Sì, molti. Ne ricordo due. È dall’età di dieci anni fino ad oggi che io mi occupo di tutta la burocrazia della mia famiglia, cosa che solitamente non spetta ai bambini, invece per me era necessario, come anche far da interprete ai miei genitori perché loro ovviamente ci hanno messo di più a imparare l’italiano. Col tempo però questa cosa mi è diventata molto pesante, perché ti fa sentire diversa dagli altri. Stessa cosa per il rinnovo del permesso di soggiorno: fila all’alba, file lunghissime, al freddo, al sole, dove a nessuno gliene frega niente delle tue condizioni, e del fatto che tu debba perdere un giorno di scuola per andare a rinnovare il permesso di soggiorno o che a 14 anni ti debbano prendere le impronte digitali perché sei una figlia di immigrati.

 Ci sono tradizioni da conservare?
Alle medie ho cominciato a sentire di essere “in mezzo” tra la crescita in Italia e i genitori albanesi che ci tenevano che io conservassi anche i valori e le tradizioni albanesi.

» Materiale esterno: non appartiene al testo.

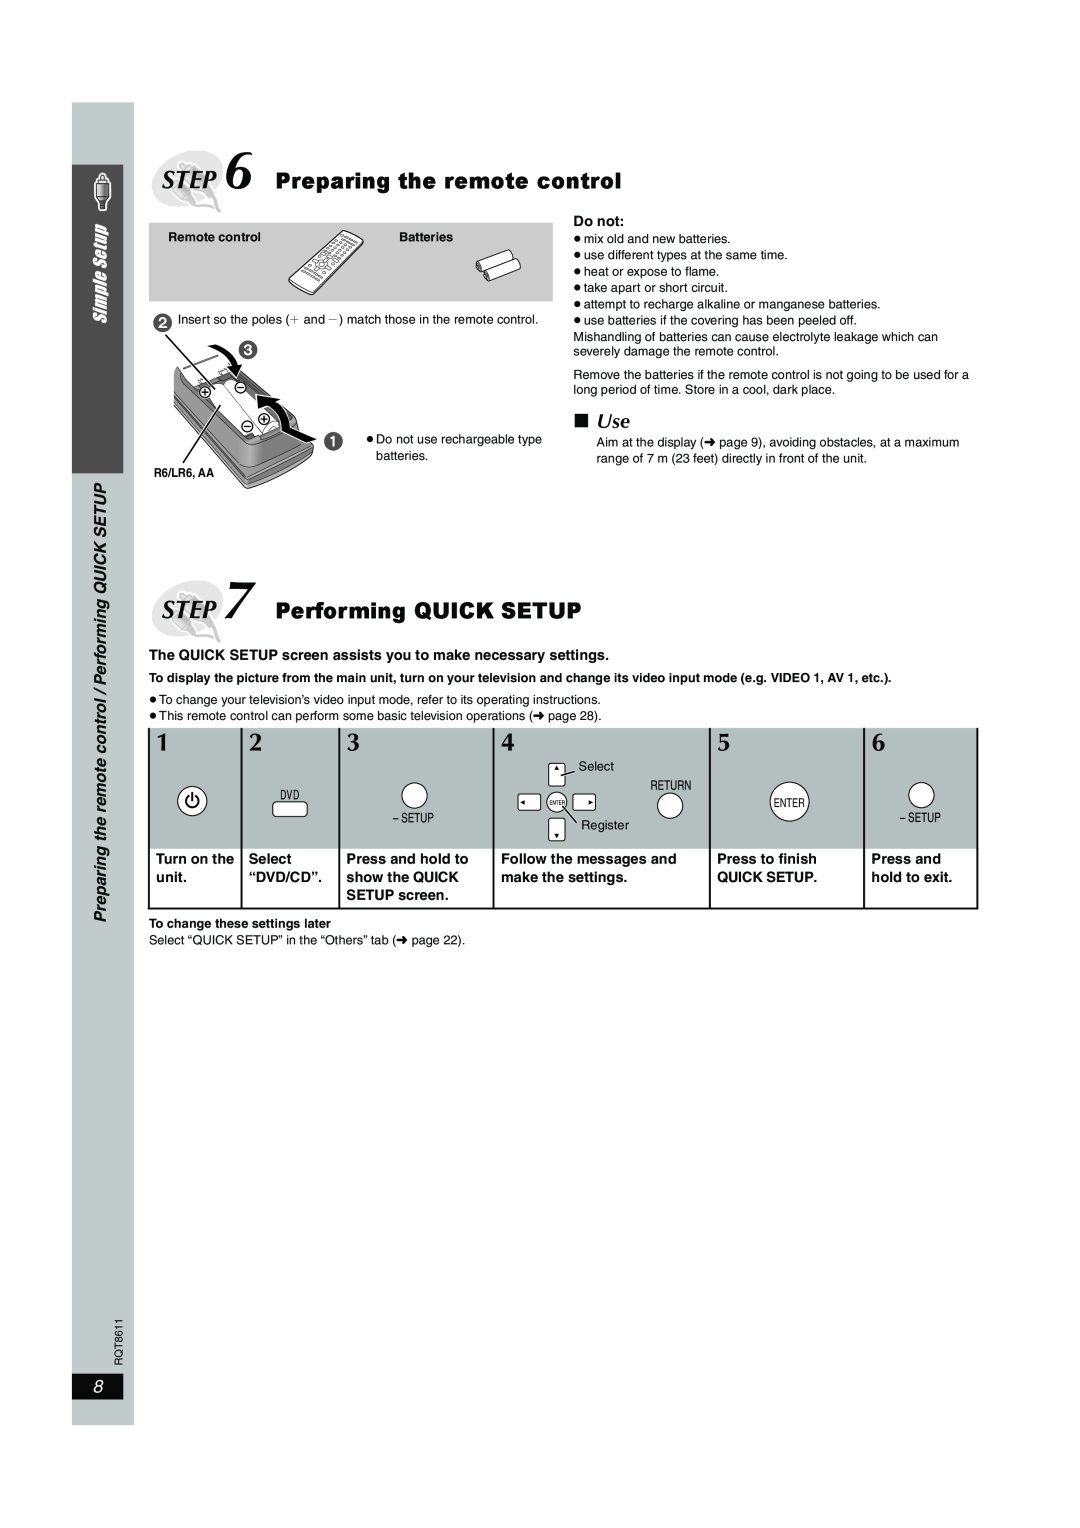 Panasonic SC-HT640W manual Step, Preparing the remote control, Performing QUICK SETUP, Use, Simple Setup

Di solito i migranti sono molto legati alle tradizioni e rischiano di portare avanti dinamiche che non sono più presenti neanche nel paese di origine. Si sentono come in dovere di appartenere ancora alla propria terra, per cui esasperano una mentalità e certi comportamenti che magari sono già cambiati nei paesi d’origine. Su tanti temi una cosa che mi diceva spesso mio papà o mia mamma era: «Ma noi siamo albanesi!».
Ci sono degli aspetti culturali da conservare, legati alle festività, alla musica e al cibo. Ci sono anche aspetti religiosi, ma non molto nella mia famiglia. In Albania poi c’è stata la dittatura comunista che ha ufficialmente eliminato la religione dallo Stato, anche se in realtà la religione non ha mai smesso di esistere: le persone continuavano comunque a vedersi, a pregare di nascosto anche durante la dittatura.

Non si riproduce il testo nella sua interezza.